Another factor driving the wellness push is that the prolonged period of uncertainty and economic instability most organizations have been experiencing can take a serious toll on employees — in the form of stress-related physical and psychological illness, absence from work and presenteeism.
Employers are increasingly alert to the issues and are taking action. However, many of those trying to solve the problem have little confidence that their efforts are succeeding.

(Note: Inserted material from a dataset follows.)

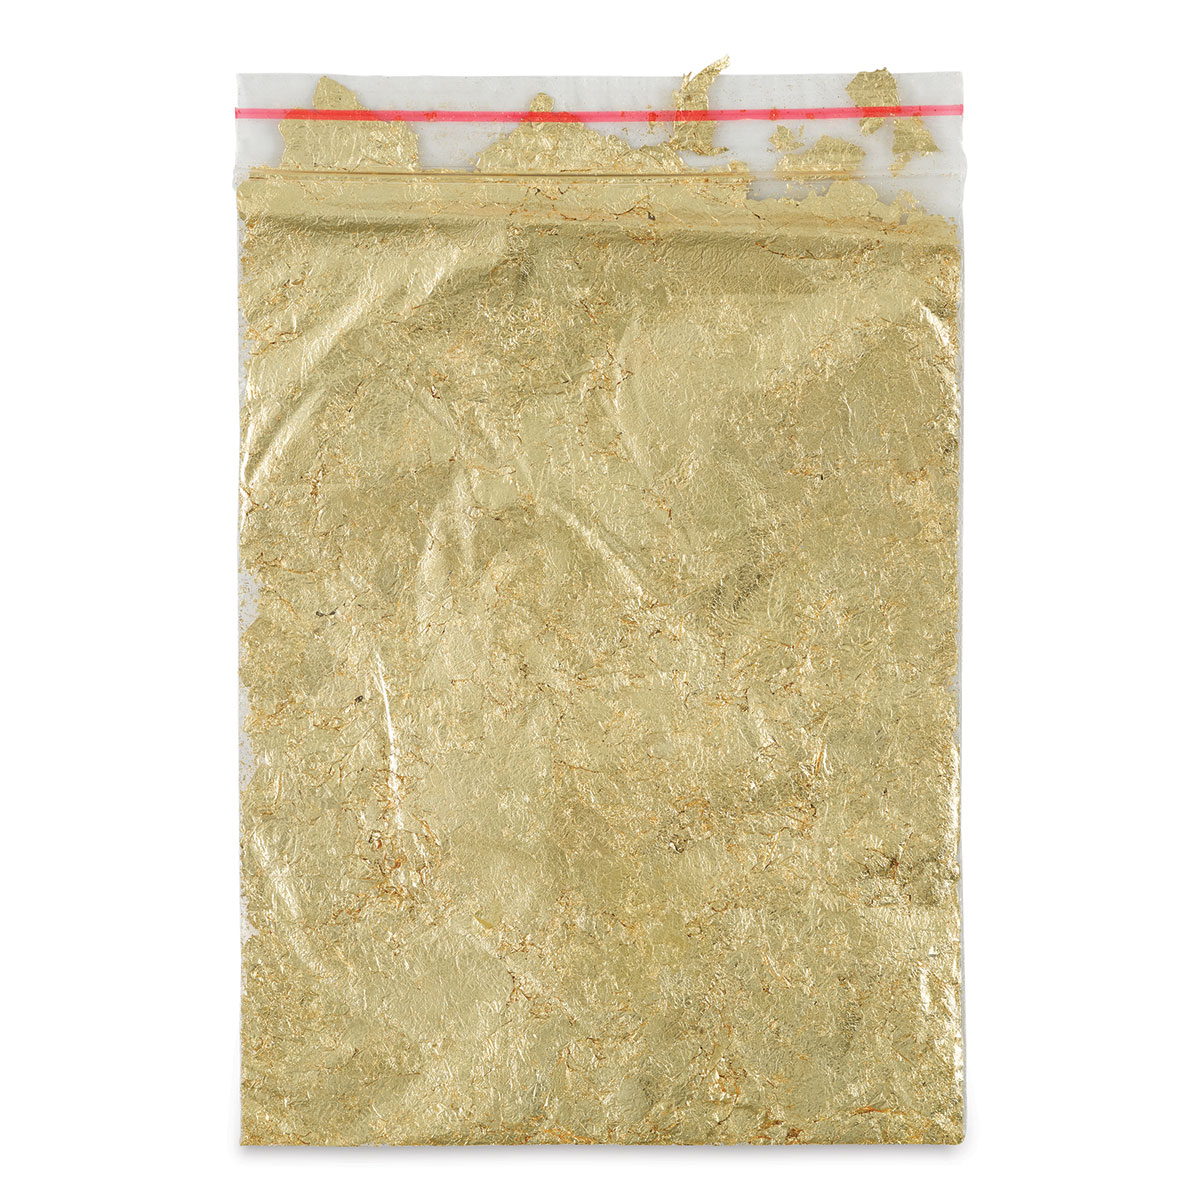 Variegated Metal Leaf Flakes - 3 Grams

Nearly nine out of 10 survey respondents in the U.S. and Canada report excessive workloads and long hours as a top source of employee stress; the percentage of Canadian respondents reporting this type of stress jumped 25 percentage points, from 64% in 2009 to 89% in the last two years. Significantly more employers are taking action this year to address specific causes of employee stress — particularly work/life balance (63% in the U.S. and 67% in Canada), lack of supervisor support (61% and 64%) and inadequate staffing (58% and 60%).
Although action is more prevalent, success is not. For example, just over half (51%) of U.S. respondents said their efforts to address employee stress caused by inadequate staffing have had little or no positive impact. Similar numbers of both U.S. and Canadian respondents say their efforts to mitigate the impact of technology-driven 24/7 availability have had little or no positive effect.